Data provided:
==========
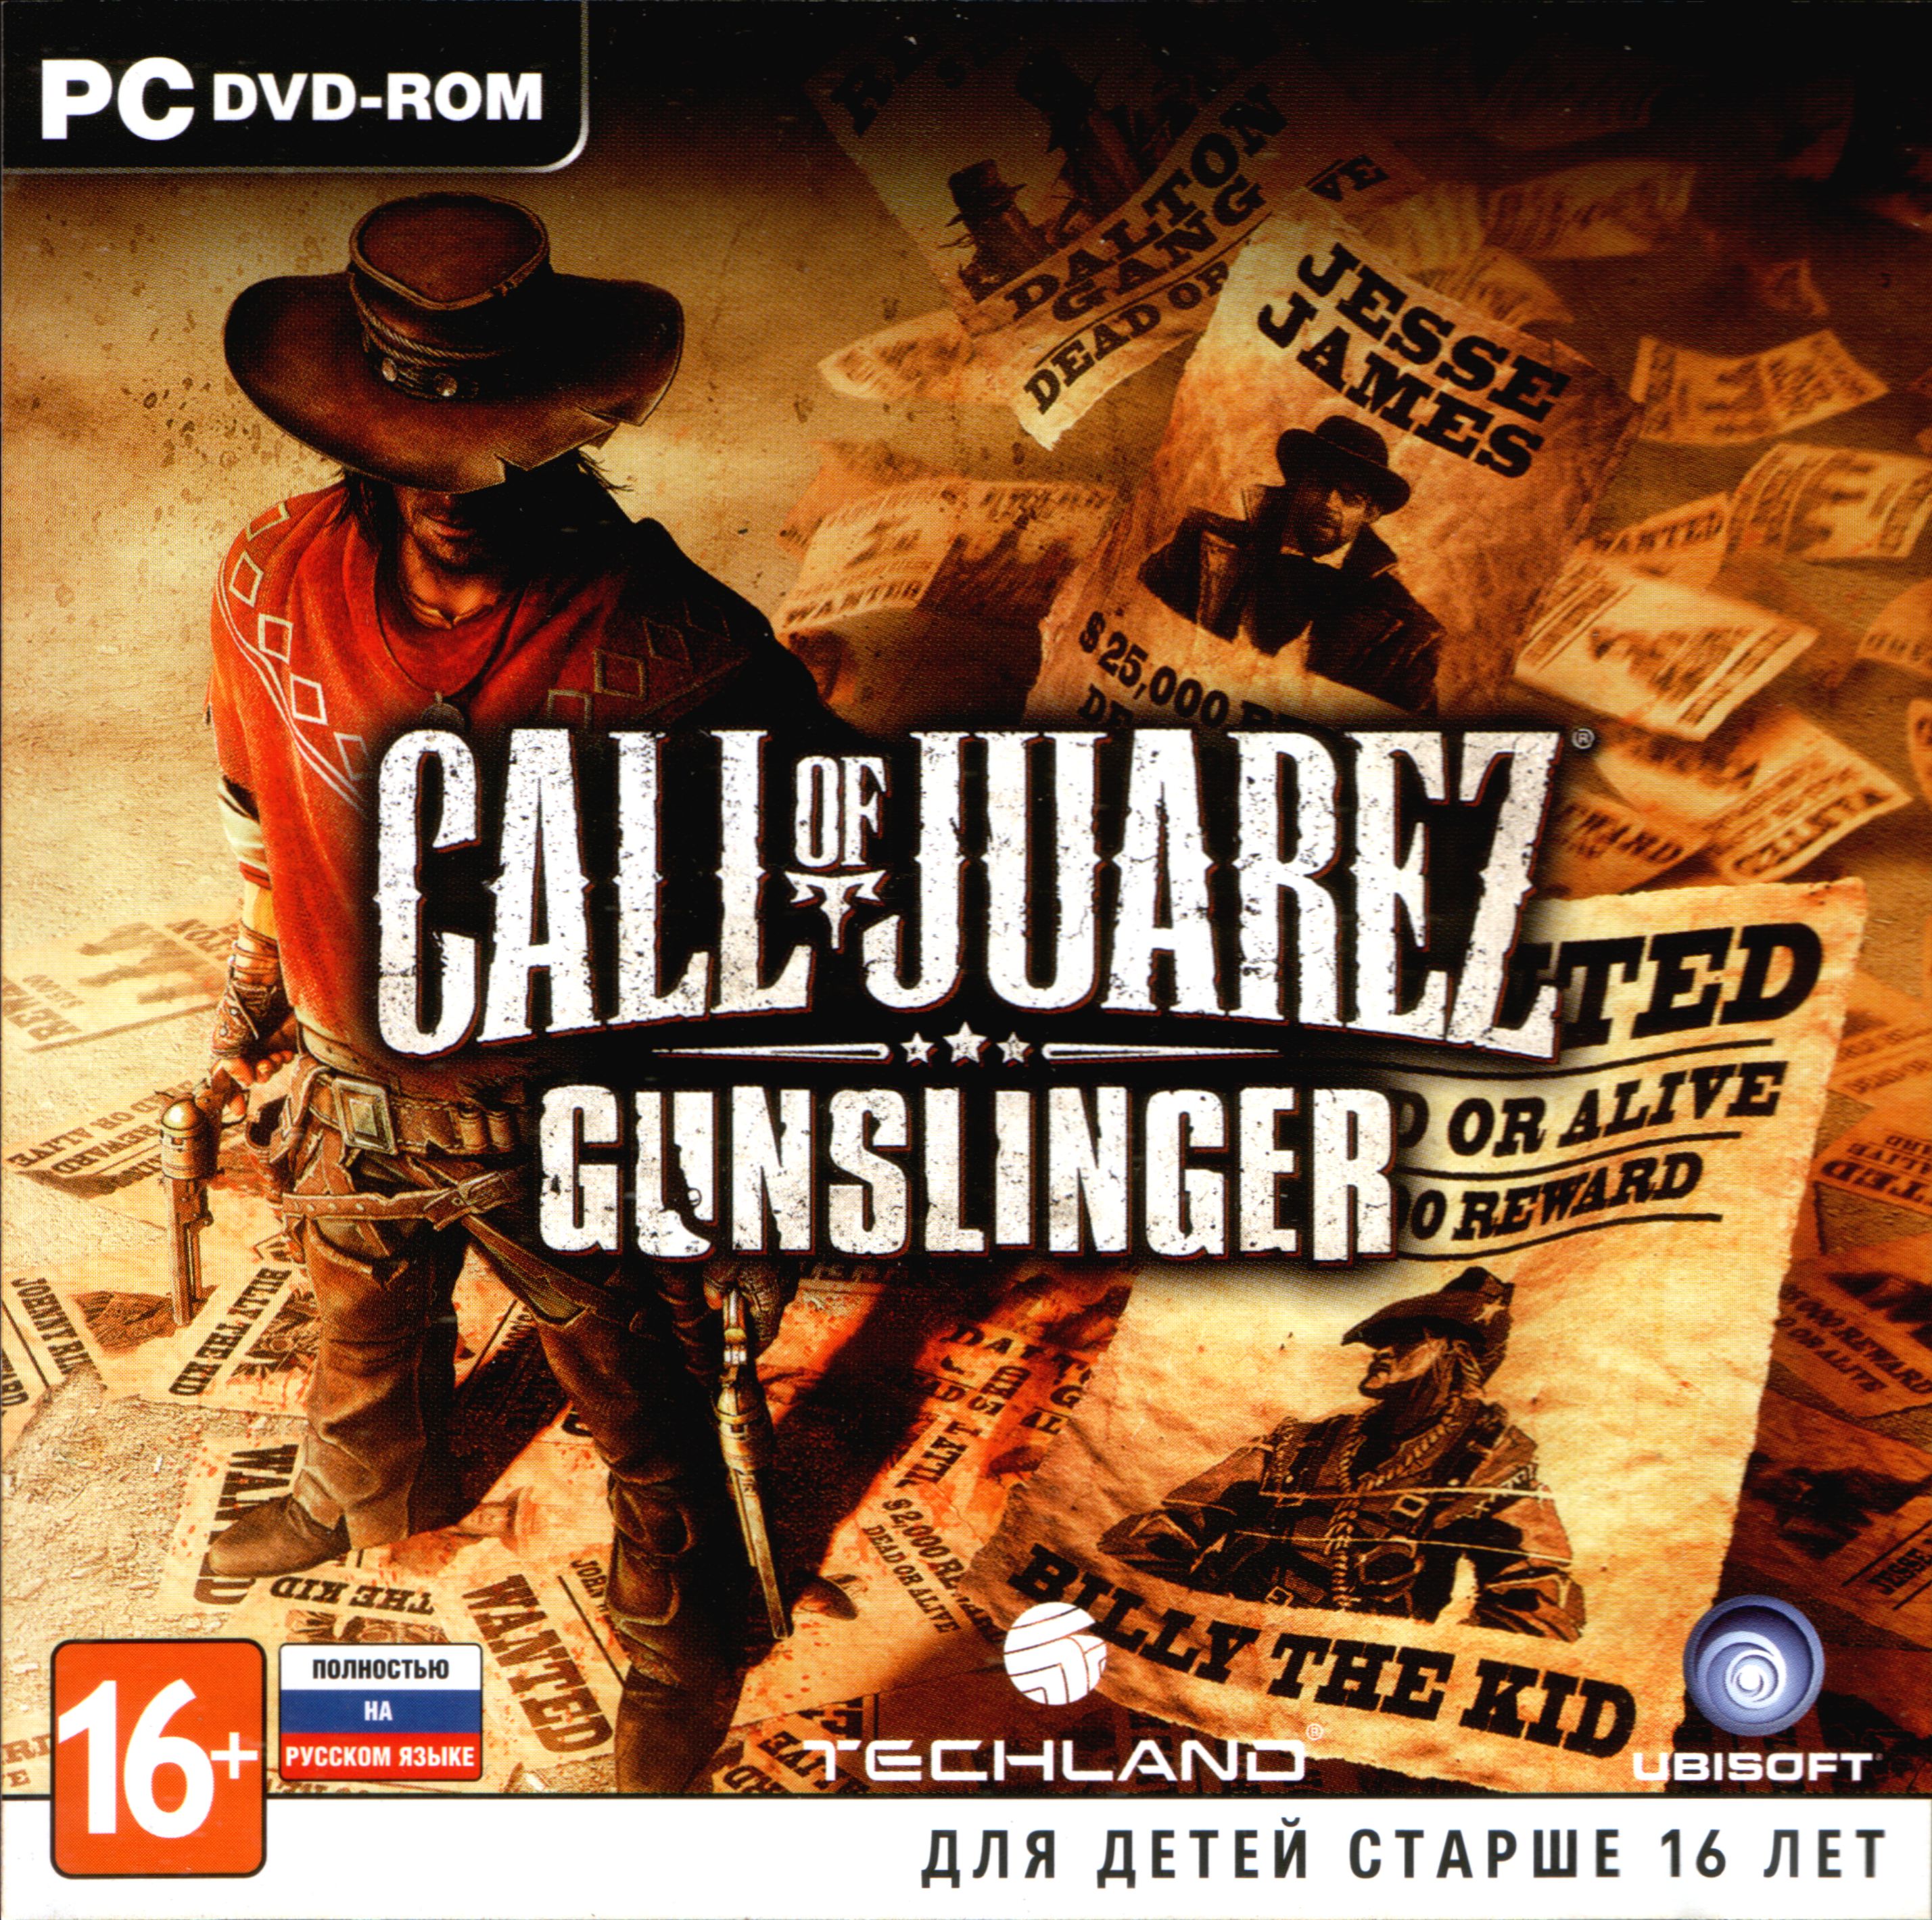 Игра call of gunslinger. Зов Хуареса ганслингер. Call of Juarez Gunslinger обложка. Call of Juarez: Gunslinger (2013). Call of Juarez Gunslinger 2.
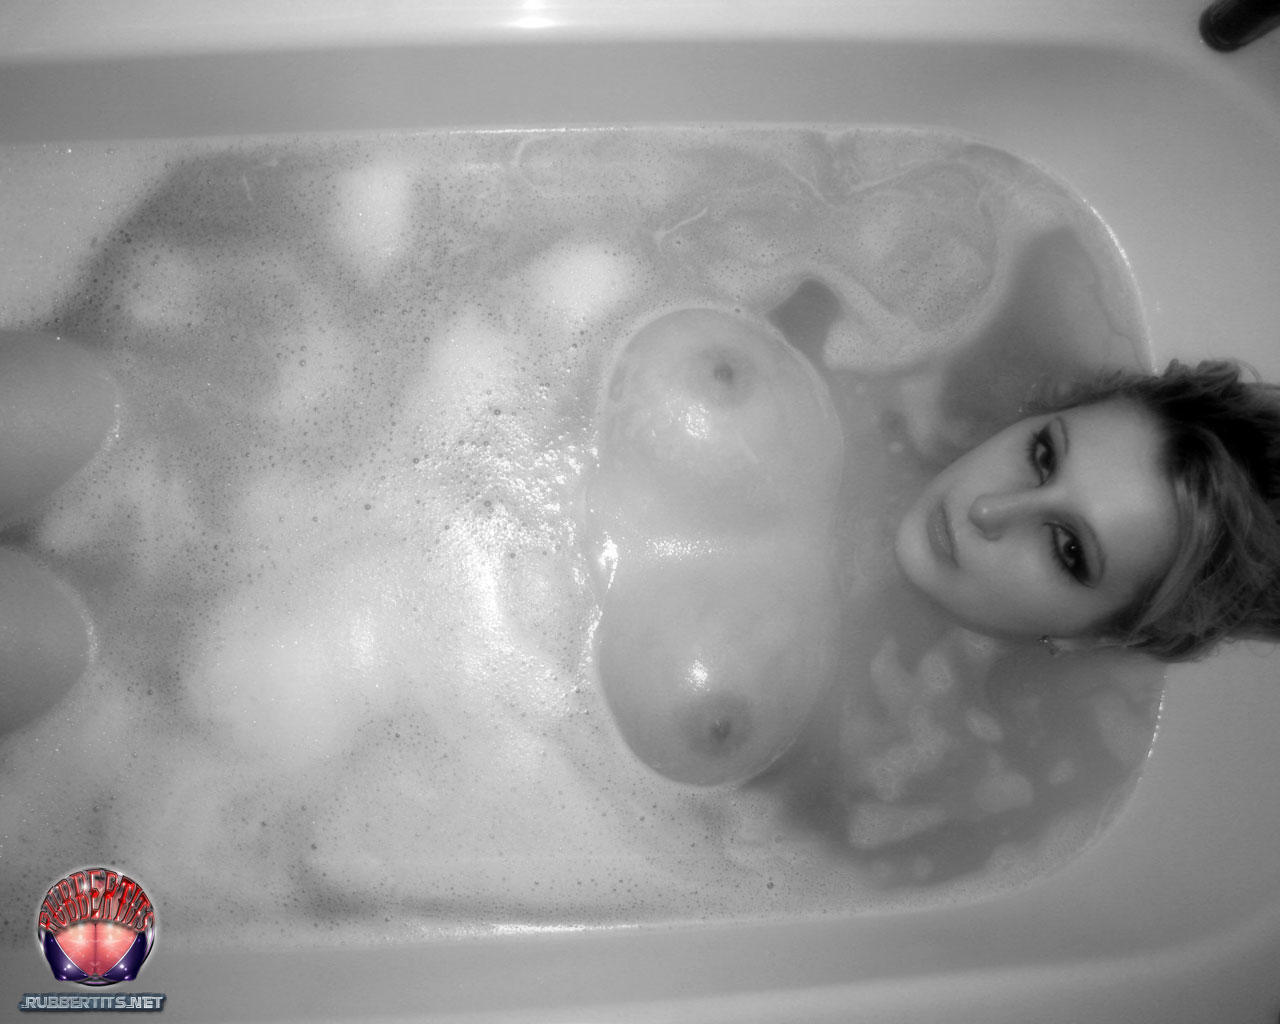 Rubber Tits Bathtime porno foto #426805766
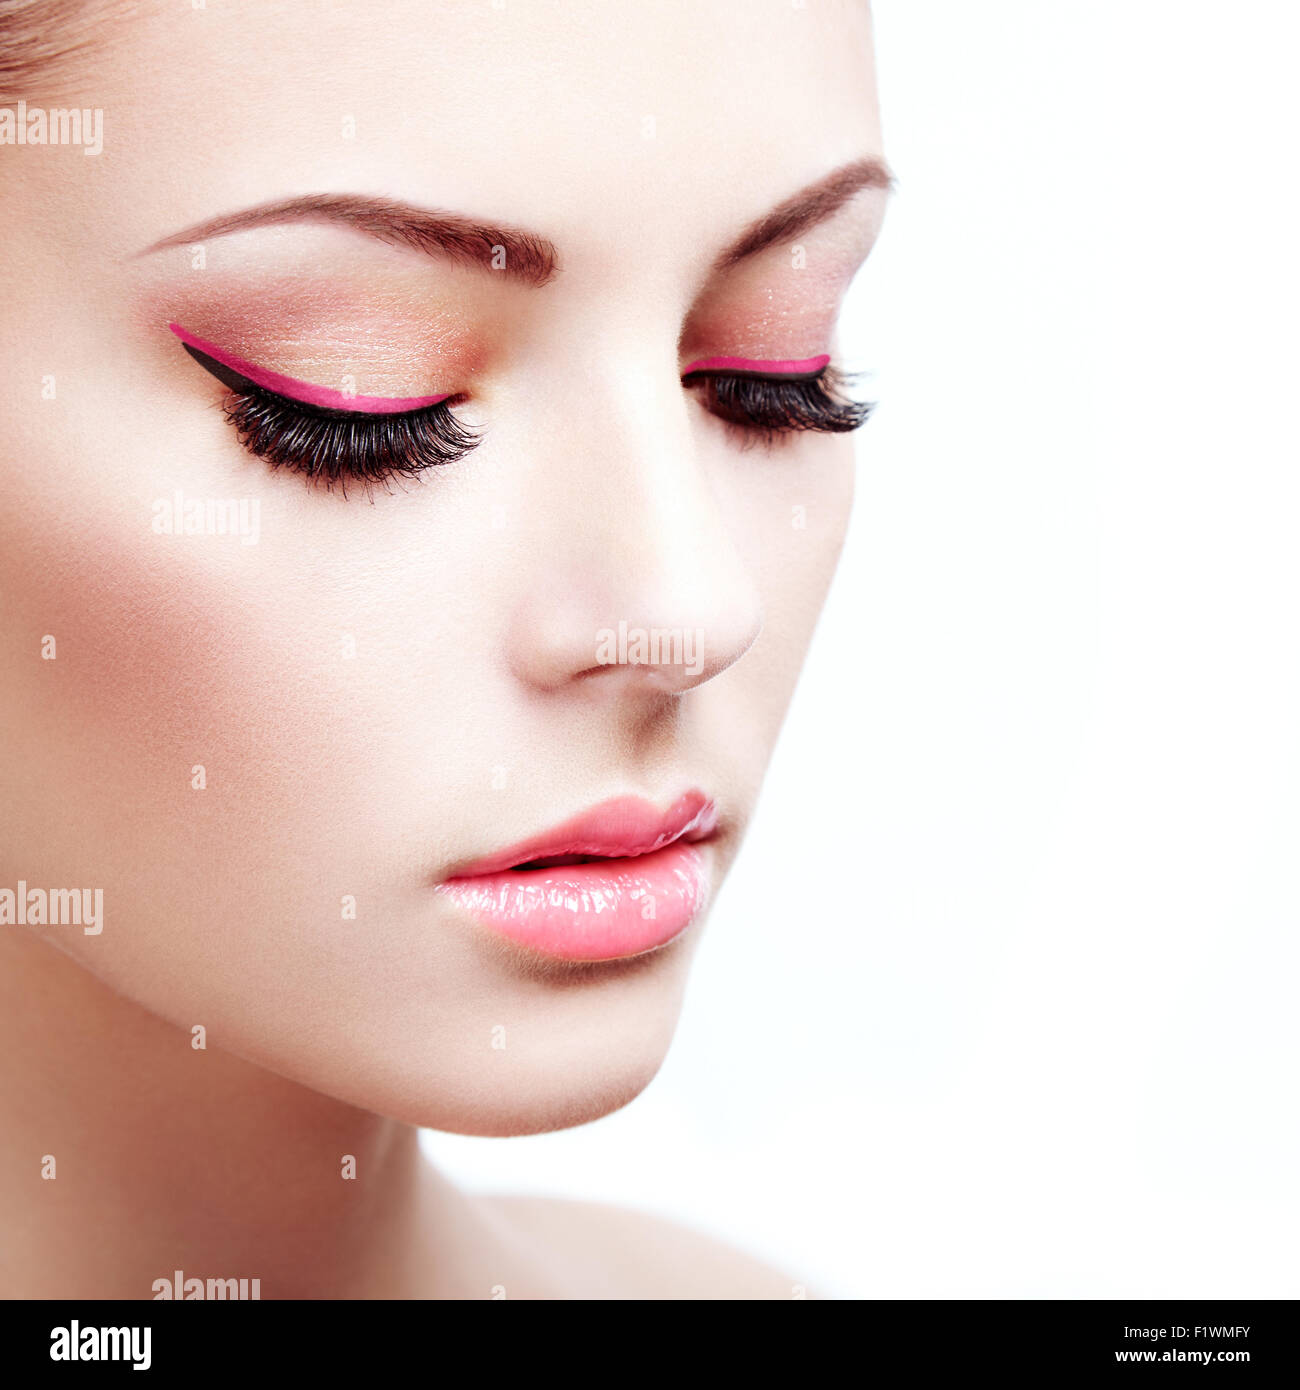 Beautiful Woman Face Perfect Makeup Beauty Fashion Stock Photo Alamy
==========
What is being asked:
The answer must be the full listing above, copied exactly, with no pictures in it.

Expected answer:
 Игра call of gunslinger. Зов Хуареса ганслингер. Call of Juarez Gunslinger обложка. Call of Juarez: Gunslinger (2013). Call of Juarez Gunslinger 2.
 Rubber Tits Bathtime porno foto #426805766
 Beautiful Woman Face Perfect Makeup Beauty Fashion Stock Photo Alamy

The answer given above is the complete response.